The reason Kris Pueschel's career as headmaster of Bishop Seabury Academy formally ended Friday depends upon which faction of the school community is speaking.
Pueschel's critics contend his inflexible personality and excessive contract demands forced the board of trustees to end his three-year run as chief academic officer of the Episcopal school east of Lawrence.
But Pueschel's supporters assert he was the victim of large egos on the board of trustees and a smoke-and-mirrors campaign to blame him for the school's budget woes.
On Friday, after more than a month of negotiations by lawyers on both sides, the board and Pueschel signed a severance agreement.
Despite fractured opinion about reasons leading to Pueschel's departure, it's generally acknowledged that he played a significant role in getting the private school off on the right foot.
"He's obviously very important to the founding of the school," said Todd Sutherland, chairman of the board of trustees and a key player in the drive to remove Pueschel.
Pueschel was released less than one year after he helped Bishop Seabury earn national accreditation and less than one year after he was offered a two-year contract extension by the board.
Pueschel and his wife, Barbara, who was fired as the school's business manager, were ordered off Bishop Seabury's campus in early February by trustees Stephen Hill and Sutherland.
Hill and Sutherland told parents that Pueschel had sought a five-year commitment from the board that could have cost the school $1 million a figure discounted by some as artificially inflated to make it appear Pueschel's request could bankrupt the school.
The settlement placed the Pueschels on a "leave of absence." Both will receive severance pay through June based on Kris Pueschel's salary of $76,000 and Barbara Pueschel's salary of $28,000.
"We feel privileged to have been part of something bigger than ourselves," Kris Pueschel said. "That has made us better people."

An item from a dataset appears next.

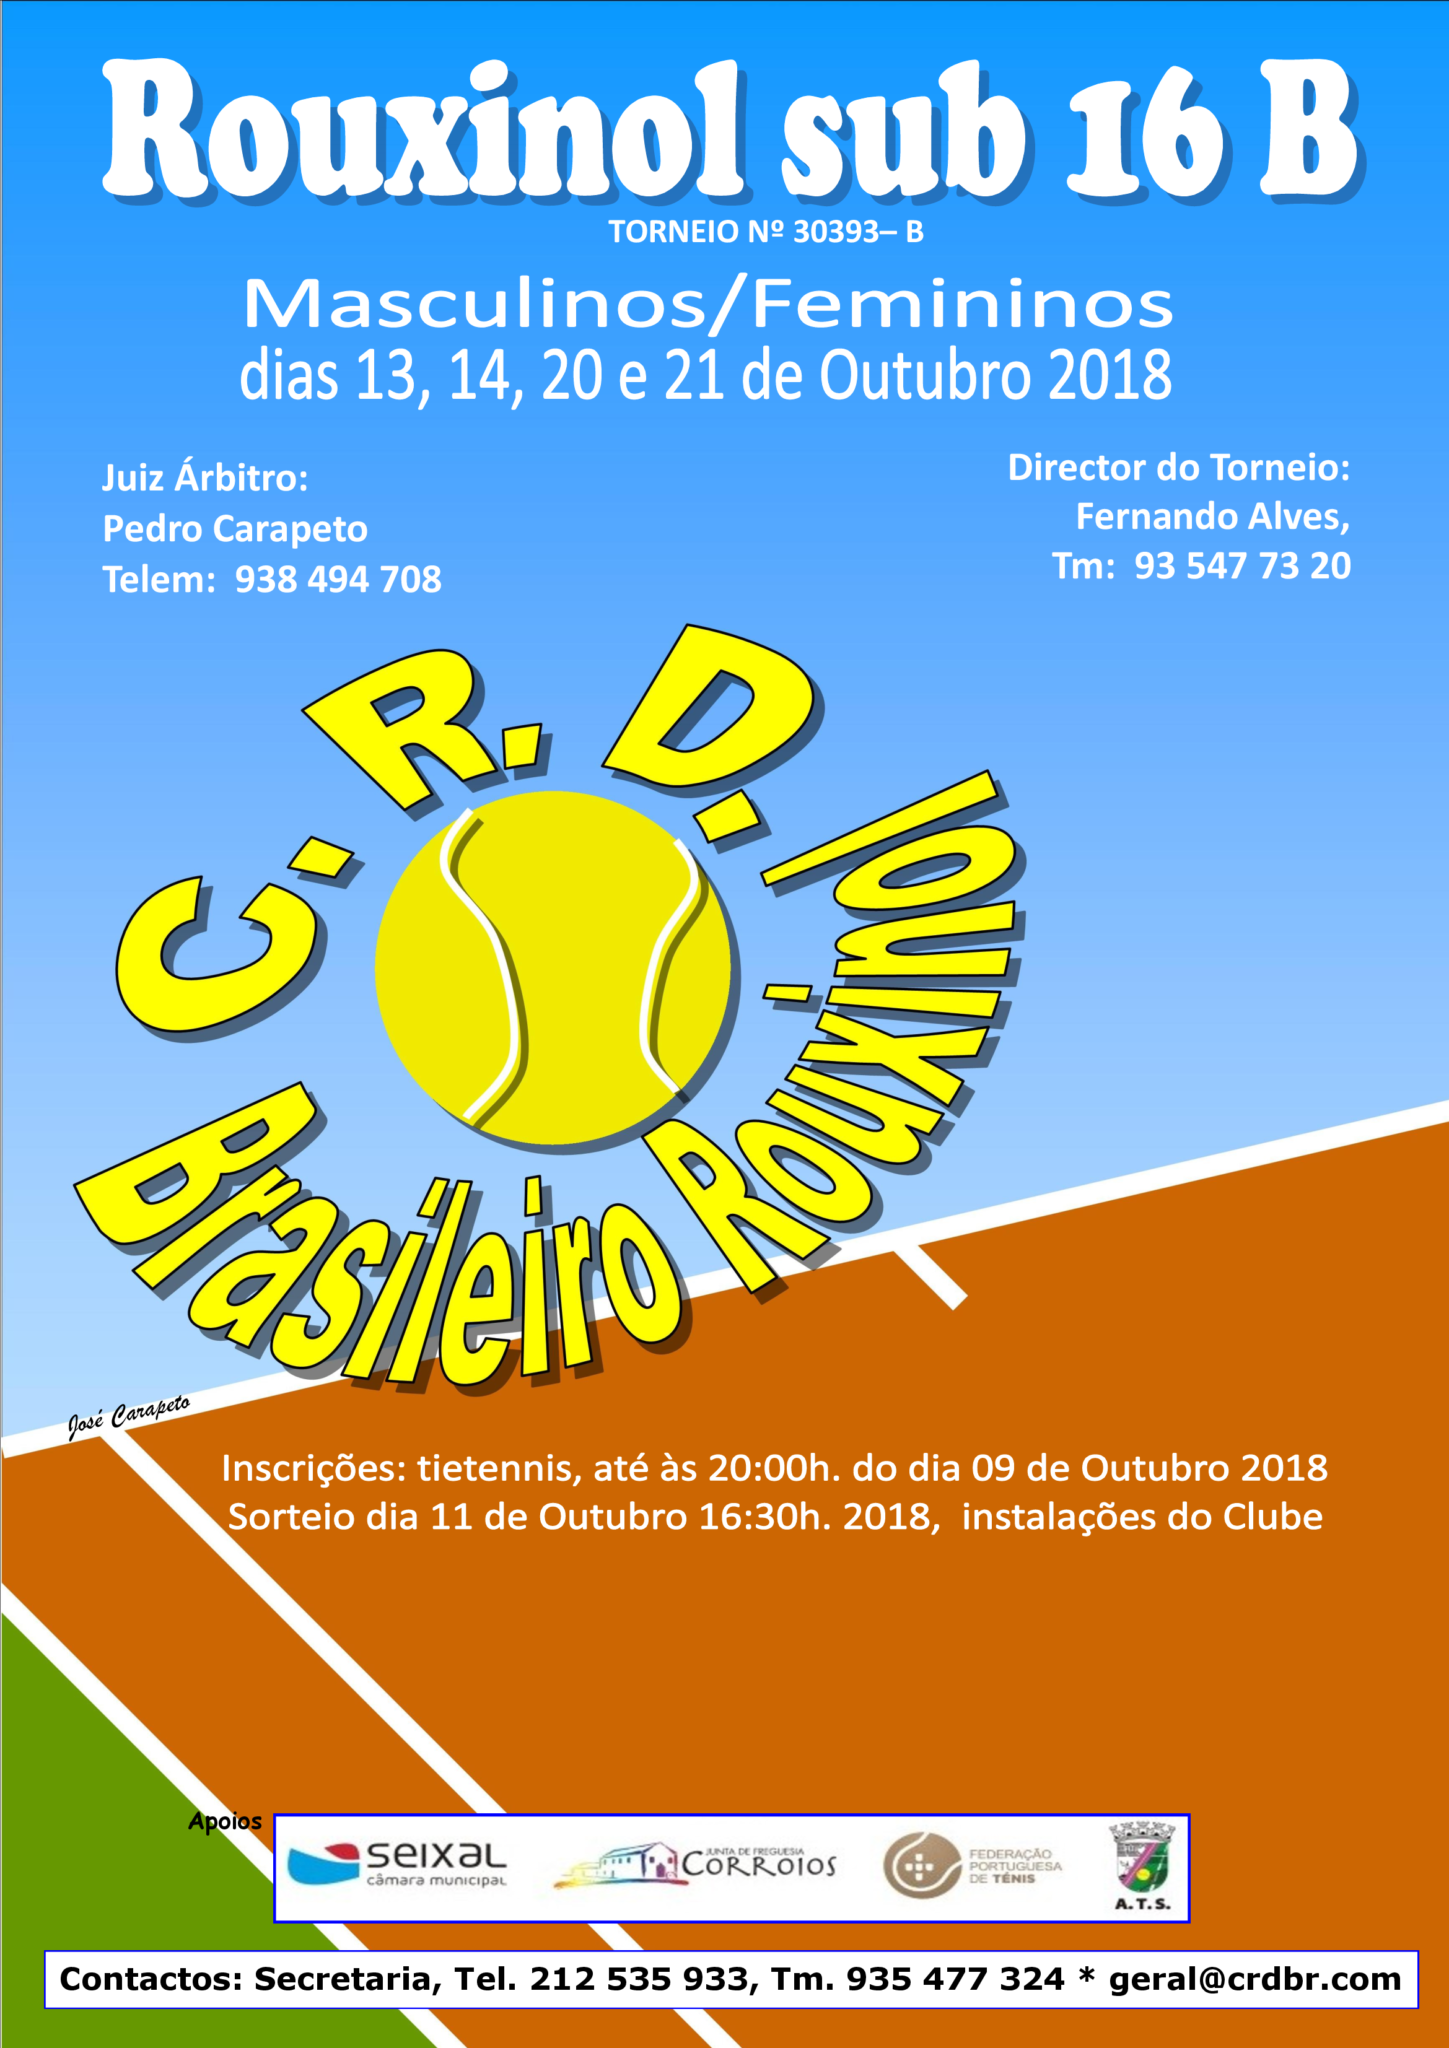 Torneio B Rouxinol sub /16

He couldn't hide frustration about circumstances surrounding his ouster. The deal apparently prohibits Pueschel from returning to Bishop Seabury to bid farewell to the 95 junior high school and high school students on campus.
"I'm not necessarily talking about this contract or anyone, but whenever injustice touches our lives, it automatically defines us. Our character is formed by how we respond to that," Pueschel said.
Upheaval at Bishop Seabury raised questions about the school's viability, but the school's leadership intends to focus on recruiting students and raising $5 million for construction of a new campus in Lawrence possibly near Hallmark Cards.
"I think that looking forward will kind of get us a new start on the whole effort," Sutherland said.
He said a new headmaster could be hired by April. The interim headmaster is Elisabeth Lee, the academy's dean under Pueschel.